K君への職場の多くの人の反感や批判の思いに同調したので、それを吸い込んで自分の中で増幅させた。つまりこれは私の個性を覆う他人のエネルギーを吸い込んで、それを自分であると錯覚していたわけです。これに気が付かないと、やがて私が私でなくなります。
その背景には、パンパンになっていて、また肉体もつかれていて、余裕を失っている自分がありました。それにも気づかされました。
最後に、私の丹田、私の個性は、今取り組んでいる仕事を重く考えていて、真剣に取り組むべきだと判断している。それは仕事を成長の場だと捉えているからに他なりません。

K君へのネガティブな私の感情を分析して、以上のようなことを気づきとして得ることができました。

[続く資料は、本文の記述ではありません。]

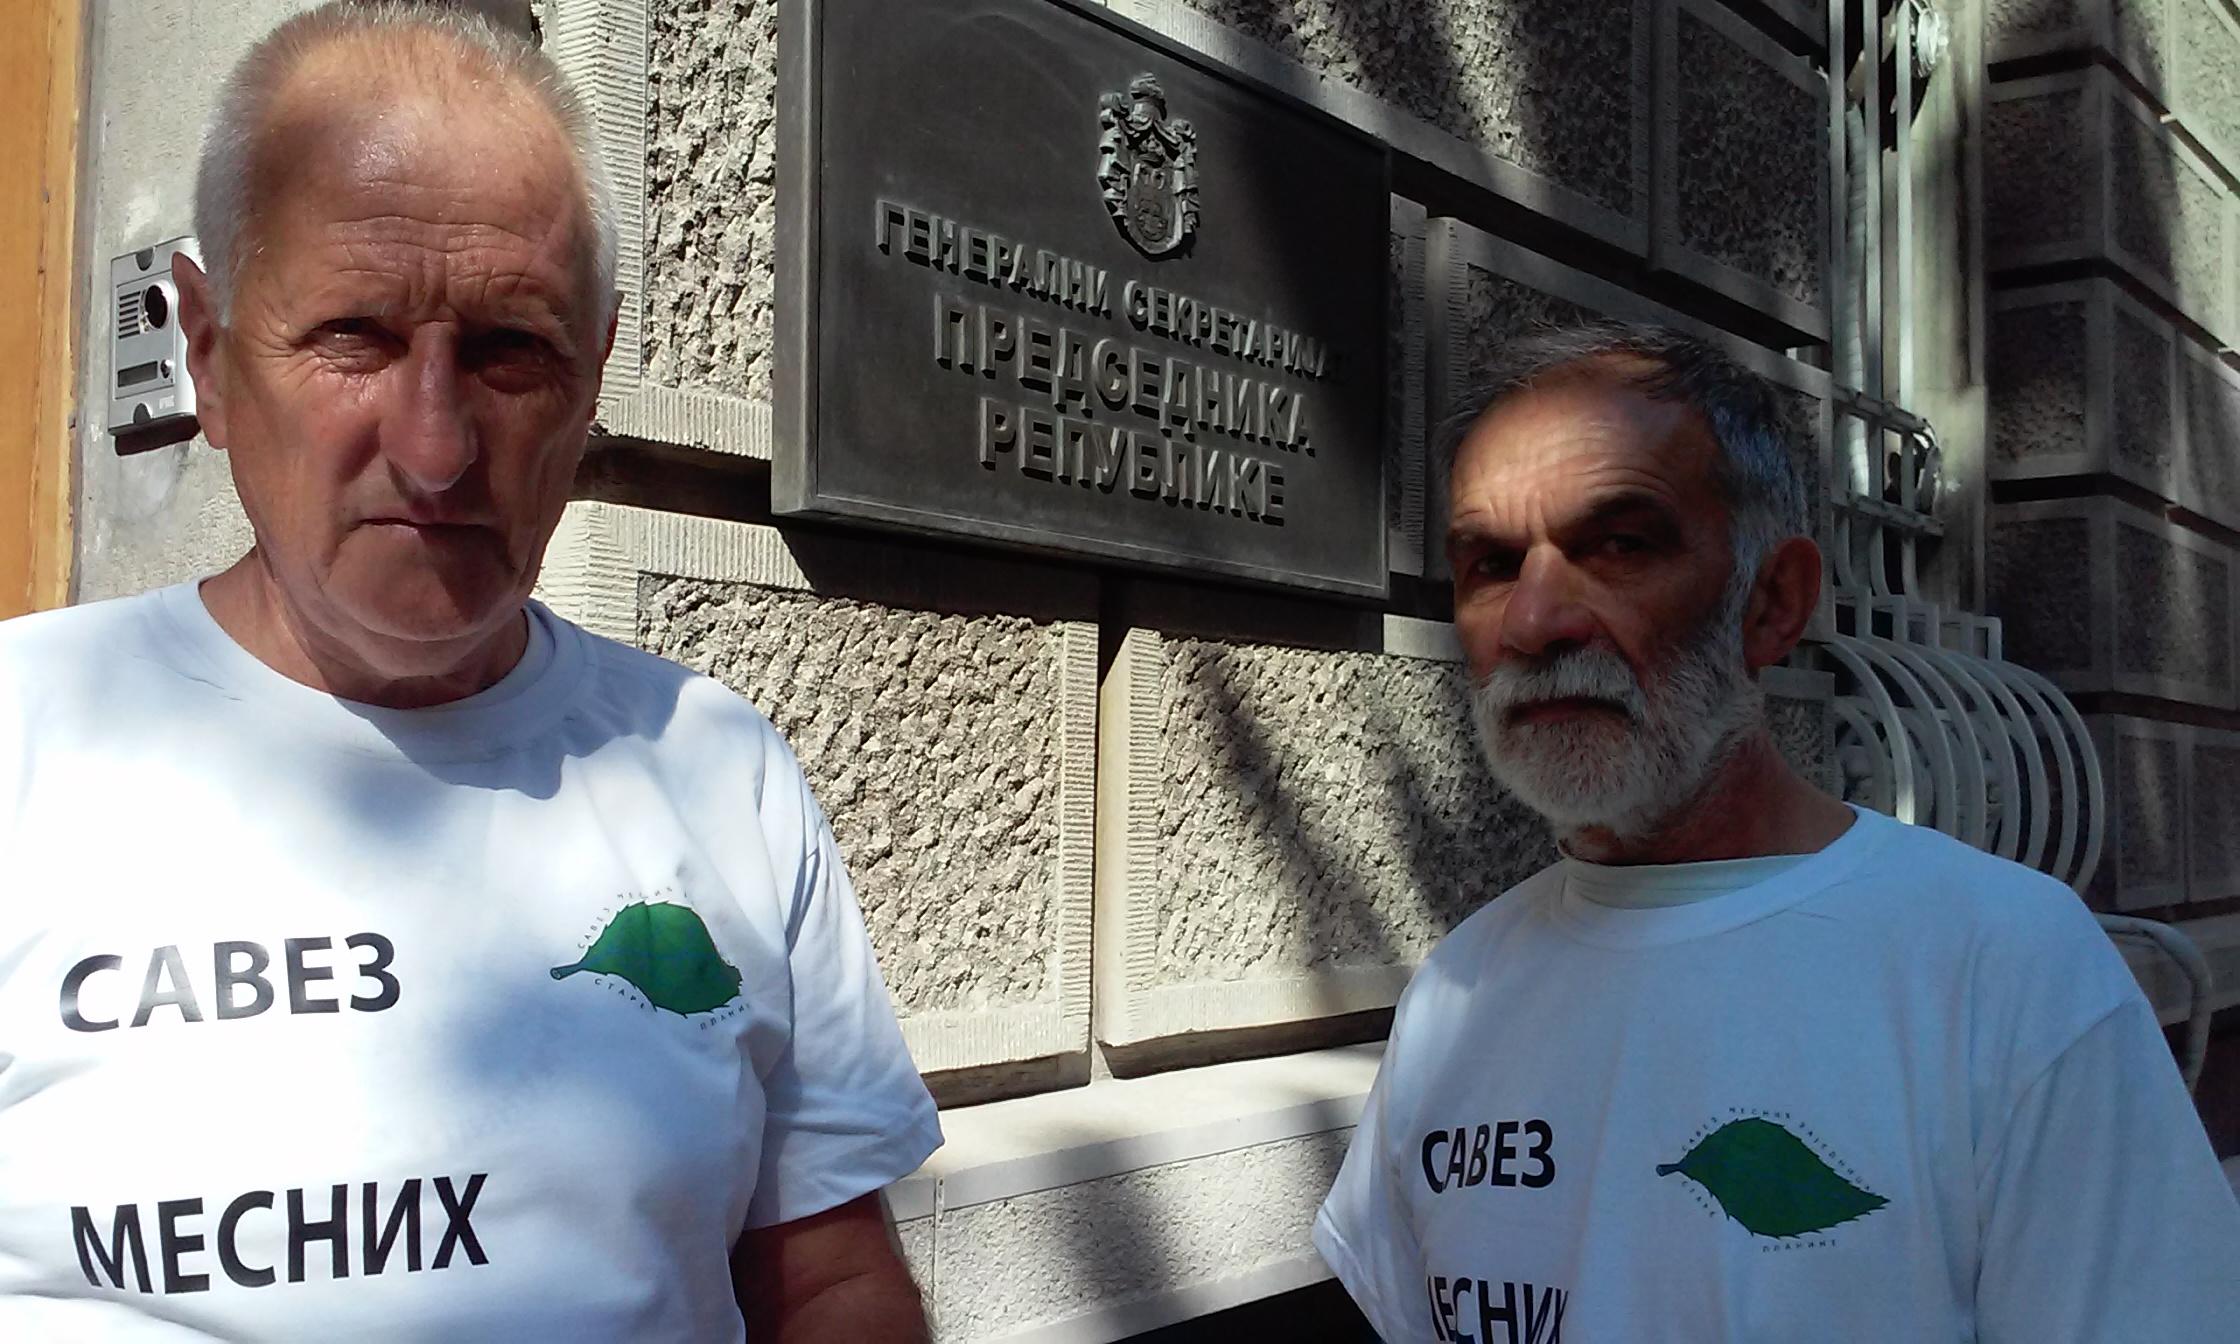 """Nagrada za građanski aktivizam """"Prvi glas građana"""" u ime 40-godišnje borbe za reke i prirodu"""

最後に、もう一段高い視点から私の在り方を振り返ると、気を付けるべきことが2つあると思いました。

①相手の自立を促すような形で注意を与えるべきだった。自立を促す注意の仕方を工夫する必要がある。

②慈しみ・慈悲の観点から言うと、相手の存在や相手の個性を否定してしまうような気持ちは持つべきではありません。一人の個性として相手を尊敬する気持ちをもつことを忘れるべきではないと思いました。

 残念ながらK君は、3か月の使用期間を終えて採用にはならず、職場を去りました。
私ともそれ以上の縁はなかったわけですが、大事な気付きのきっかけを与えてくれたことには感謝しています。